* _PROMPT_
Your answer should hold exactly the lines below from the line with "WHY OUTSOURCING MOBILE" through the line with "a mountain with a radio tower on top of it", both included, and no pictures at all.

(RECORDS TO PROCESS)

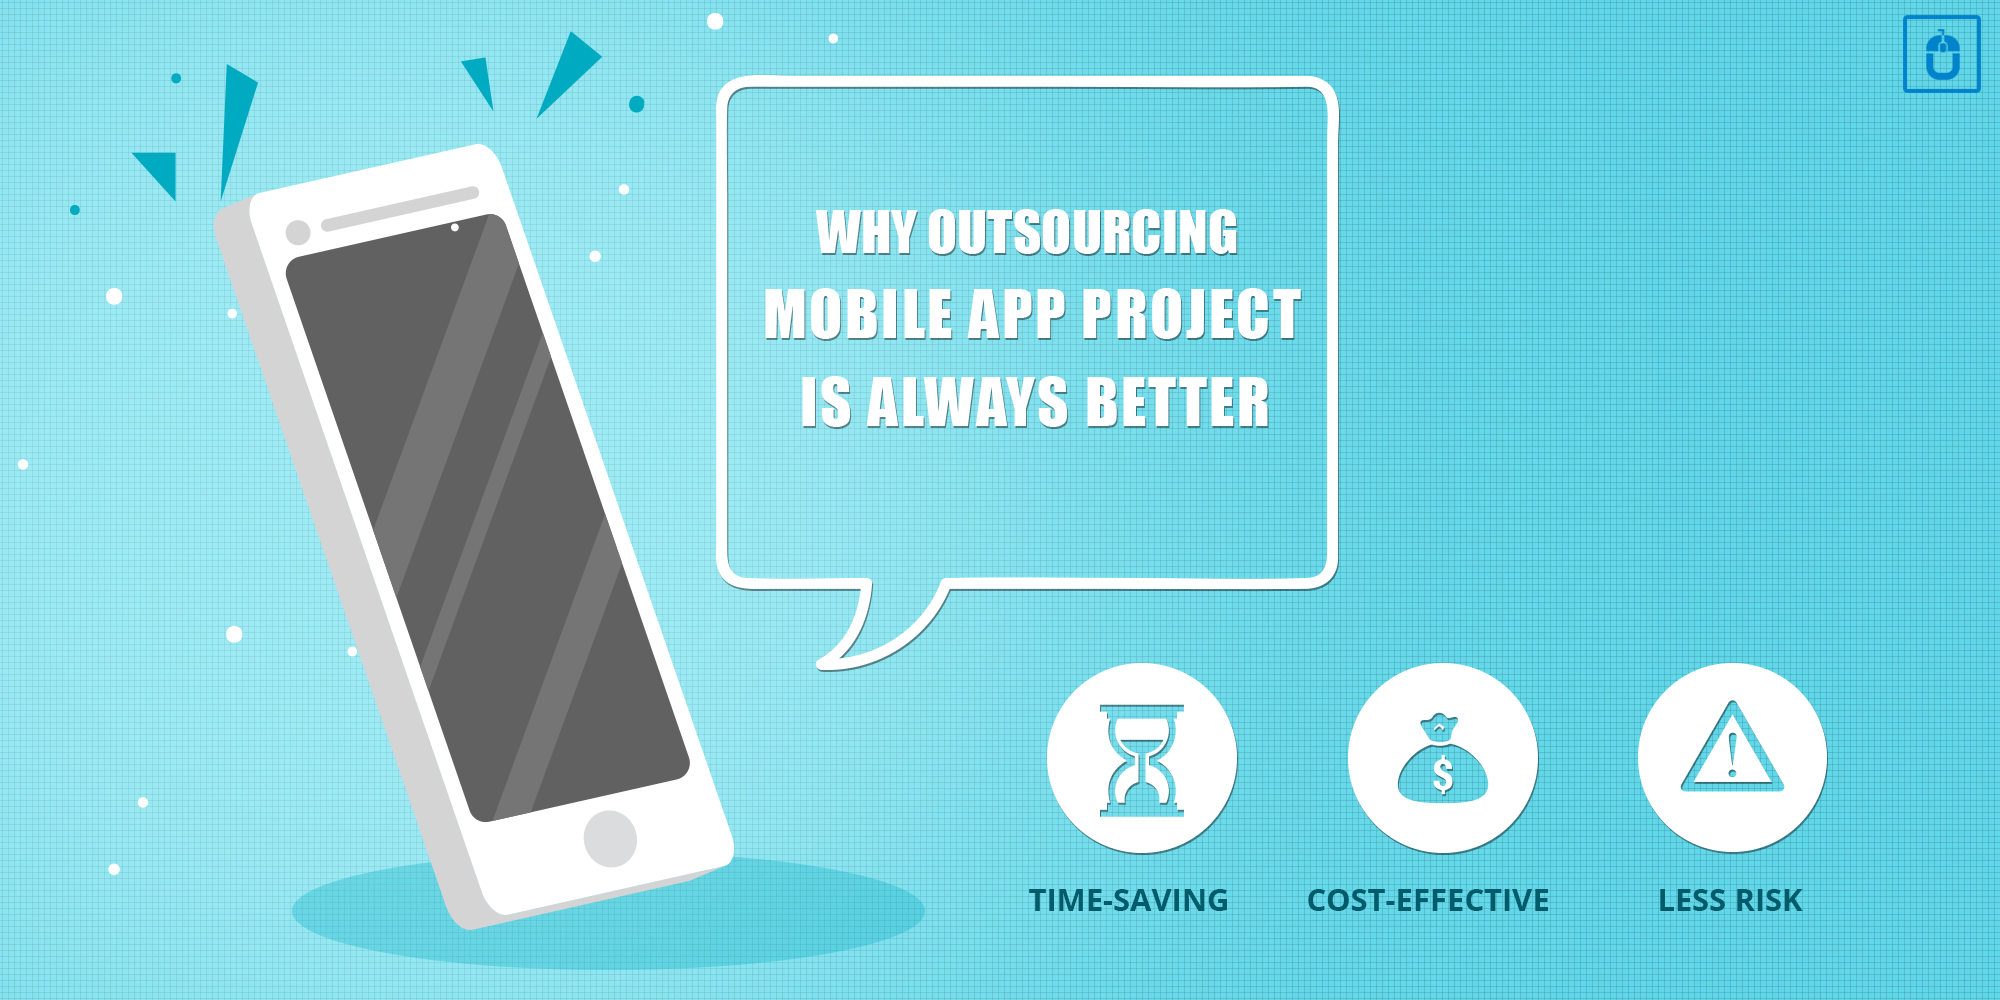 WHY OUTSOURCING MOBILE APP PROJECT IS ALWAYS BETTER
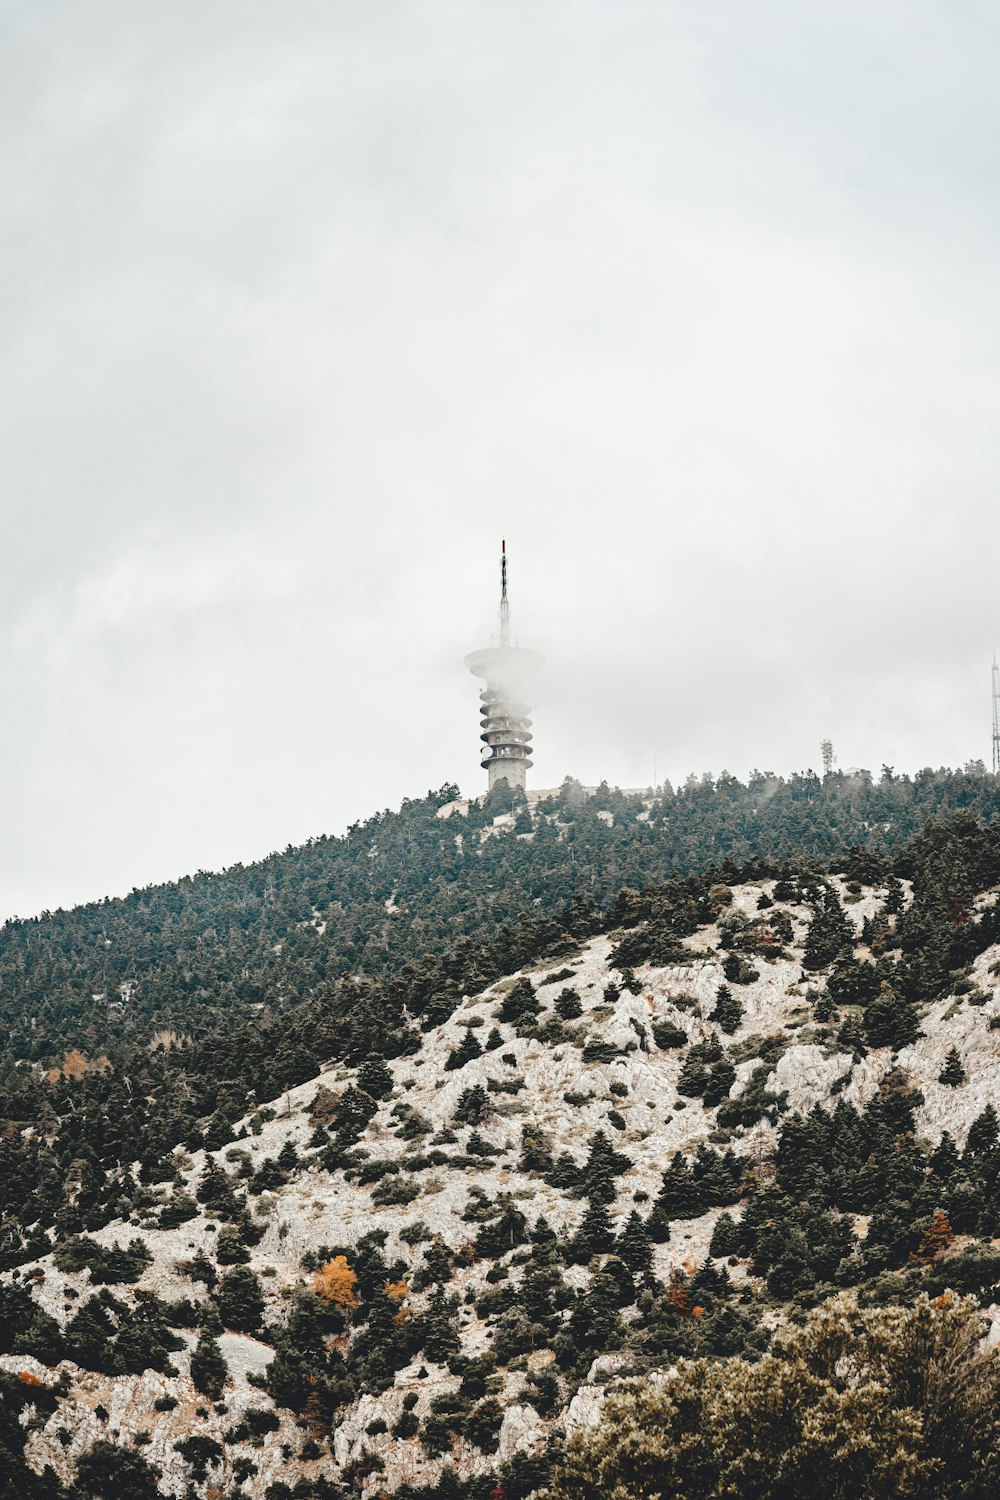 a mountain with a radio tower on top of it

(End RECORDS TO PROCESS)
(RECORDS TO PROCESS)

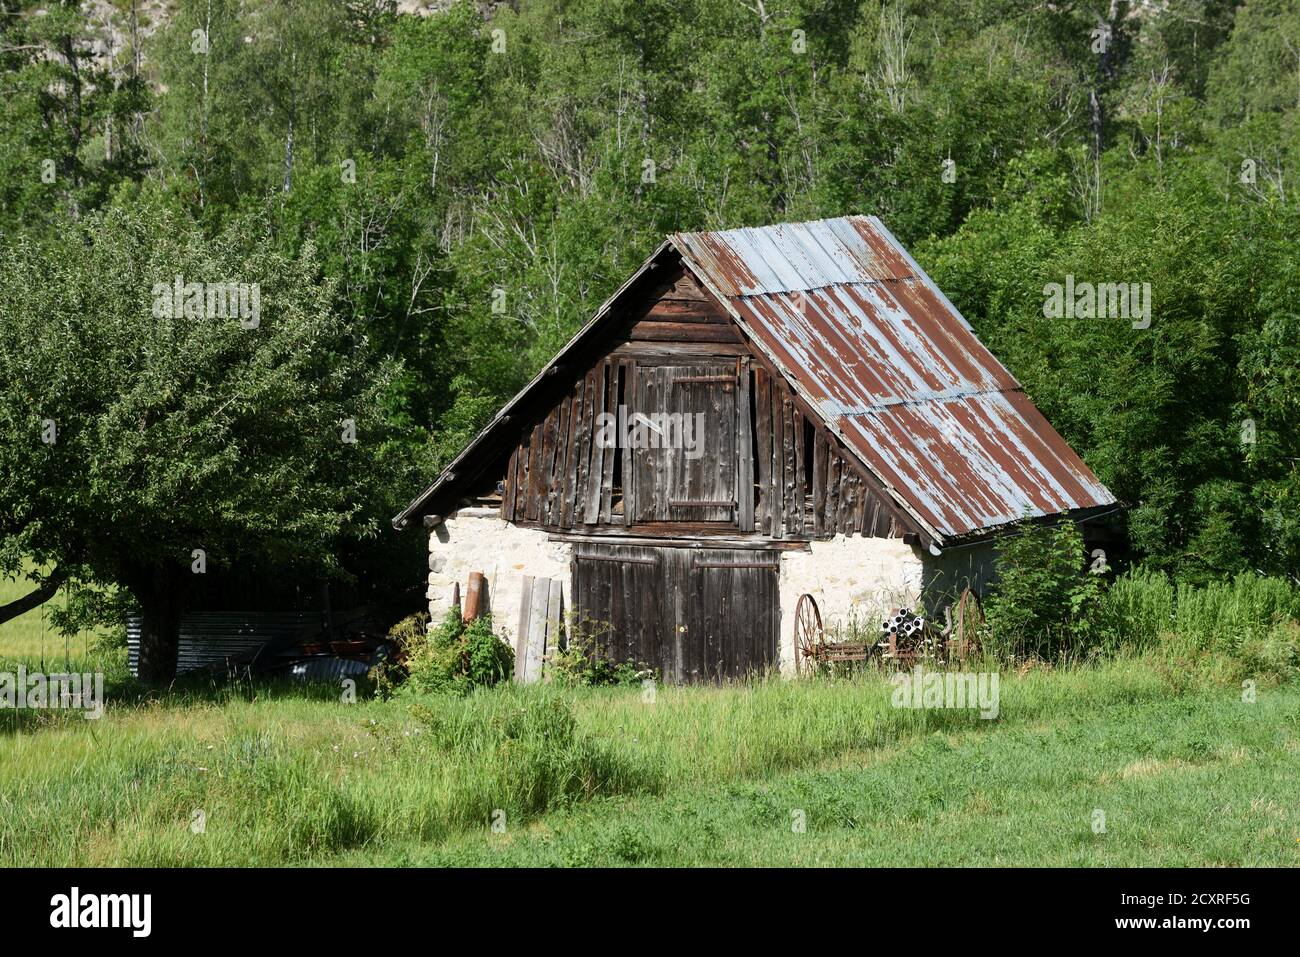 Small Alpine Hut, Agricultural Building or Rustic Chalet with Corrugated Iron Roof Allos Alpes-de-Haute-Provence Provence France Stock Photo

(End RECORDS TO PROCESS)

* _TASK RESULT_
 WHY OUTSOURCING MOBILE APP PROJECT IS ALWAYS BETTER
 a mountain with a radio tower on top of it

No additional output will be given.